Importance of Reading to Your Children.
Children love stories. Nothing will spark imagination and eagerness for learning more than a good story they can fall into. Reading to your young ones is vital, and equally as important as teaching them the ABC's.
Reading aloud to your children builds relationships between you and them; builds speech and vocabulary- which leads later to better academic skills and communication skills. It enhances their experiences, and gives them fuel for their imagination! This is important because, as children play, they will act out their imaginative skills in small scenarios and learn from the experiences, in ways that can help them later understand the real world better.
Reading to your children enhances their logical skills, and improves their concentration and self discipline.
Develop in them a love for a good story, and their own eagerness will make them want to learn what those letters are, and want to read it for themselves. Read with voices, characters, get into the story yourself. Use voice inflection, use gestures, smile, laugh when a character does; have fun with it yourself and your children will love story time.
Make sound effects- "whoosh!" or "ching-ching" went the swords.
Louis Carroll's Jabberwocky is fantastic for this! "Snicker snack!"
Or Edgar Allen Poe's the Tell Tale Heart; "thump-thump....thump-thump...."
Pause for excitement....Stand up for declaration! Tiptoe for a child crossing the room to peek... Hide behind the couch cushions and peek over to see....
Read novels, not just baby books! Read a series, jump into adventure! Read aloud! Reading novels encourages memory retention in young ones! Begin story time with a few minutes of chatting- by reviewing and asking your children- "what happened last night?" ... Big eyes might say back to you, "OH! The storm came and they saw the whale!" ... Allow them to recall, and watch for excitement - learn from them which characters they like best- encourage the feed back! (this actually is the beginning steps to book reviews later on- hint, hint.)
Read to read. Enjoy it yourself- pick books you've heard of and never read yourself- try out a new one! Your enjoyment of it spreads to the kids!

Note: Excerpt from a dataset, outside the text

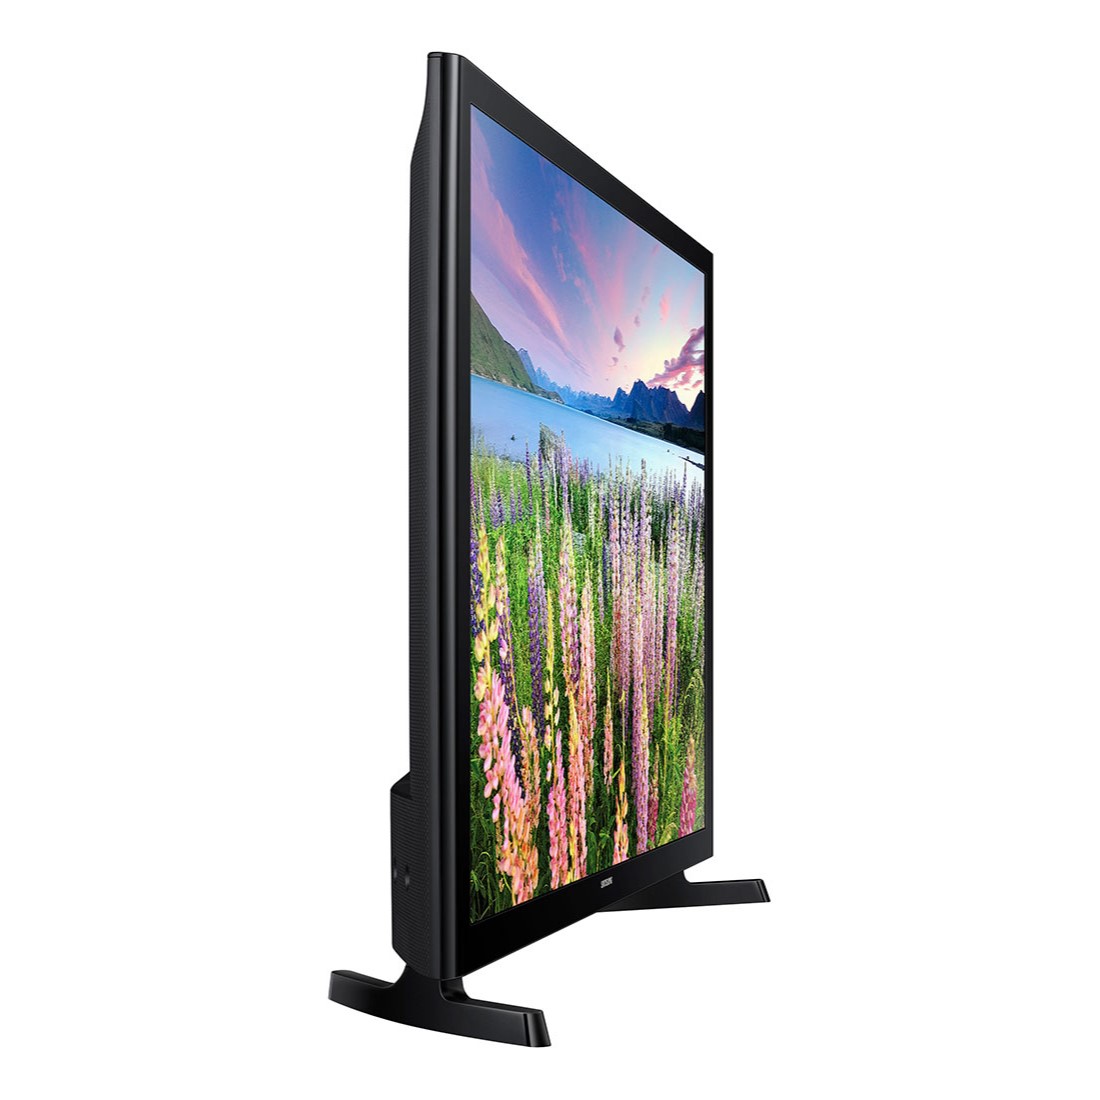 SAMSUNG 40" Class N5200 Series Full HD (1080P) LED Smart Television - UN40N5200AFXZA - image 4 of 5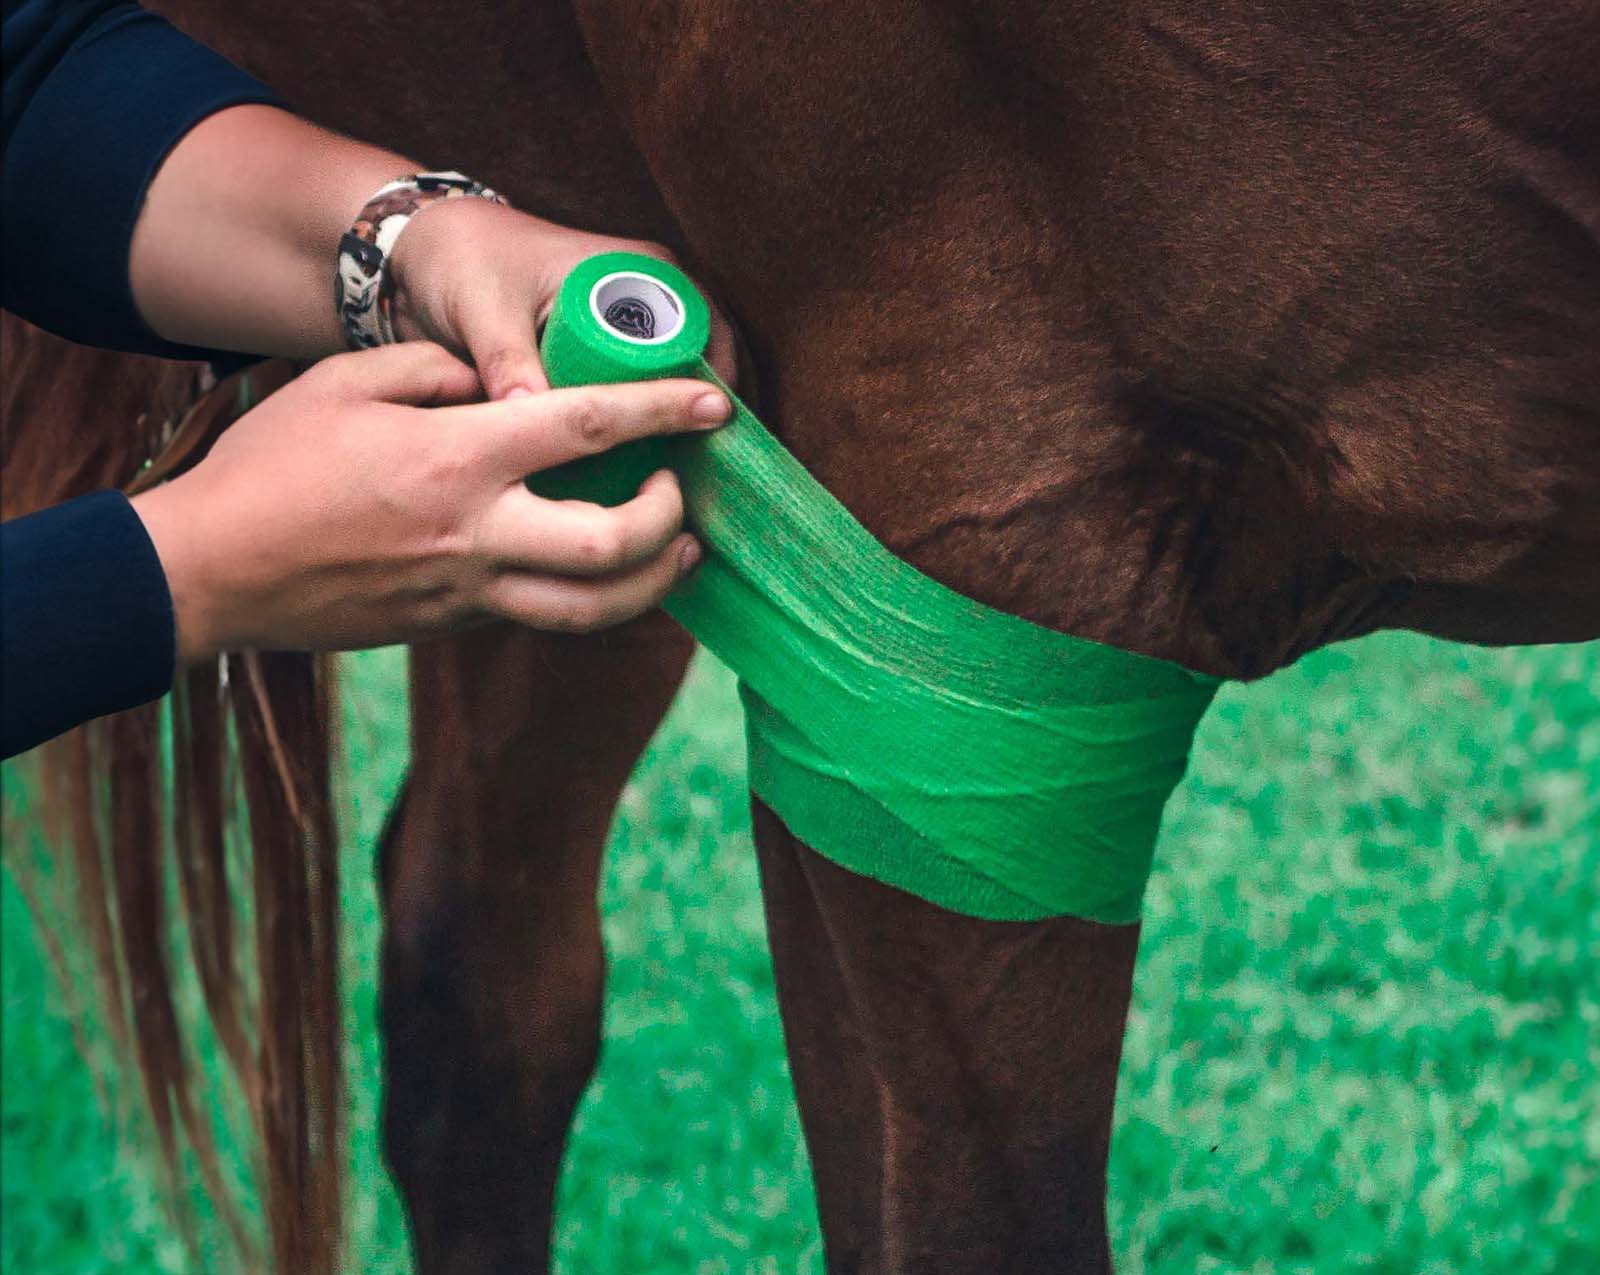 WildCow Green Vet Wrap in 4 Inch Size - Wrapping a Horse's Leg

Did you know the magic wardrobe closet in Lion the Witch and Wardrobe by C.S. Lewis began in book one as a magic tree! Did you know that beyond the hype of the christian world's declaration of this series being about Jesus- (which if read straight through can be avoided, truly for secular students)- this series is a fantastic way to learn some history of England during the World Wars- when children were shipped off to far away homes to stay safe, as London was being bombed? Spark a history lesson from that one! Spark geography to look up the towns and places and maps!
Yay! Unschooling at it's best! Art lesson! Draw what you saw as we read it!
White Fang by Jack London
Project GutenbergOne of the most valuable resources I ever found was Project Gutenberg. An amazing collection of classics in e-book form ready to read. From Treasure Island to Tom Sawyer. If a book is 100 years old, Gutenberg has it, and the collection is so enormous you can read to, or with your child for years and not skim the surface of it vast library!
We read short stories and poetry from Edgar Allen Poe; poems of Emily Dickinson , Robert Frost, and Browning; collections of Stevenson, Shakespeare, Mark Twain, and the immortal "Call me Ishmael," i.e. Moby Dick by Herman Melville.
All for free.
I found for my own research the original Dr. Montessori's Own Handbook by Maria Montessori, The Louisa Alcott Reader: a Supplementary Reader for the Fourth Year of School. Countless history books! Endless resources! Countless Nature Books, Biology, Chemistry, Astronomy! How about Charles Darwin's journals and published works? Galileo? The Biography or the notebook of DaVinci? Yes! It's there! All free!
Amazon offers a Free Kindle reader download for your computers here: Free Kindle Reader Apps
It does not require special purchases to read these books! Just your computer.
To read is a subject that could be talked about for pages and pages; and I will be writing more on how to take a story time page and make it into a language arts lesson- but that comes later. I'm scratching the surface right now- but I hope I can whet an appetite for some. Read to your kids, but enjoy it yourself as you do - and you will find yourself surrounded by a house full of people passionate for love for reading!!
Nothing is more valuable than that!
We'd even have friends enjoy story time when they came over!